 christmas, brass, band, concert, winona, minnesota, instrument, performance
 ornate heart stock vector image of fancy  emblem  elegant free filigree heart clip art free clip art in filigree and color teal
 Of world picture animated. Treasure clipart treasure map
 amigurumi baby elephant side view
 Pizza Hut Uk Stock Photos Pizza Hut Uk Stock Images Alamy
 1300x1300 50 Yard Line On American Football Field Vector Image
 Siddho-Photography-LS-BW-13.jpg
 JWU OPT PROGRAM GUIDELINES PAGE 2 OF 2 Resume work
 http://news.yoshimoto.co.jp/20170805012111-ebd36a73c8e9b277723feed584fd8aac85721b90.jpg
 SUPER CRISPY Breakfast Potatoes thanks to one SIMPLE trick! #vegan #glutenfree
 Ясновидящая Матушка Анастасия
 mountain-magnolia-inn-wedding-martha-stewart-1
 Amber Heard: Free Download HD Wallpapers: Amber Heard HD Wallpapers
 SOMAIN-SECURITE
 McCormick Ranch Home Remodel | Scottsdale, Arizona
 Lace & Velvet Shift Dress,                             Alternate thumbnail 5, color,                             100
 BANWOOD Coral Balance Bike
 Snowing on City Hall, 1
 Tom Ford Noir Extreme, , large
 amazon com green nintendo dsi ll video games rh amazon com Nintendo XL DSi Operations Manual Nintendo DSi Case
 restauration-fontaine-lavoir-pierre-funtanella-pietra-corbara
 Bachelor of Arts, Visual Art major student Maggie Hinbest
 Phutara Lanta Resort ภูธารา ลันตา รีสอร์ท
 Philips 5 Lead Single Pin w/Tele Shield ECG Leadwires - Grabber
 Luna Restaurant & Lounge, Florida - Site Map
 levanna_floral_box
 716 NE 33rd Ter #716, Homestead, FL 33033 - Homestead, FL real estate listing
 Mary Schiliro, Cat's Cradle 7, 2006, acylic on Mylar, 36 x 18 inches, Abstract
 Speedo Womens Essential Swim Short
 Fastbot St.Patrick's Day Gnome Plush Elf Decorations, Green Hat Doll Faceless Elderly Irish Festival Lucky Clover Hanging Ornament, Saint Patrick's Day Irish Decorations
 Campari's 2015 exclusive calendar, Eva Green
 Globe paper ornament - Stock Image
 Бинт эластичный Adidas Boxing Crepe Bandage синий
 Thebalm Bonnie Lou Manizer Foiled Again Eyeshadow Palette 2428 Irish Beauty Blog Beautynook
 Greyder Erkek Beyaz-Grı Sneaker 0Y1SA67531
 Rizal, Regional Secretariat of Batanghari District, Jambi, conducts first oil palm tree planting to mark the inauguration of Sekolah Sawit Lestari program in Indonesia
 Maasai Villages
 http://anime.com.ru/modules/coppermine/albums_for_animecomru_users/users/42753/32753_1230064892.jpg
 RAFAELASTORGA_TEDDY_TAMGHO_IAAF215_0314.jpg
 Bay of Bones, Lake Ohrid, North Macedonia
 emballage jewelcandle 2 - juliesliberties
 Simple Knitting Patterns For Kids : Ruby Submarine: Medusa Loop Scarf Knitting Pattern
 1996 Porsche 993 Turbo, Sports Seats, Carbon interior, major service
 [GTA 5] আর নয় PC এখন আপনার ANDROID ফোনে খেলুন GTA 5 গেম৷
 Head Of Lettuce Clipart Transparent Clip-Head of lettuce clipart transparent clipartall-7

*WHAT THE EXERCISE ASKS*
Starting at the line that contains "1996 Porsche 993", print every line through the end of the listing, word for word. Leave out all the rest.

*SOLUTION FOR THIS PROBLEM*
 1996 Porsche 993 Turbo, Sports Seats, Carbon interior, major service
 [GTA 5] আর নয় PC এখন আপনার ANDROID ফোনে খেলুন GTA 5 গেম৷
 Head Of Lettuce Clipart Transparent Clip-Head of lettuce clipart transparent clipartall-7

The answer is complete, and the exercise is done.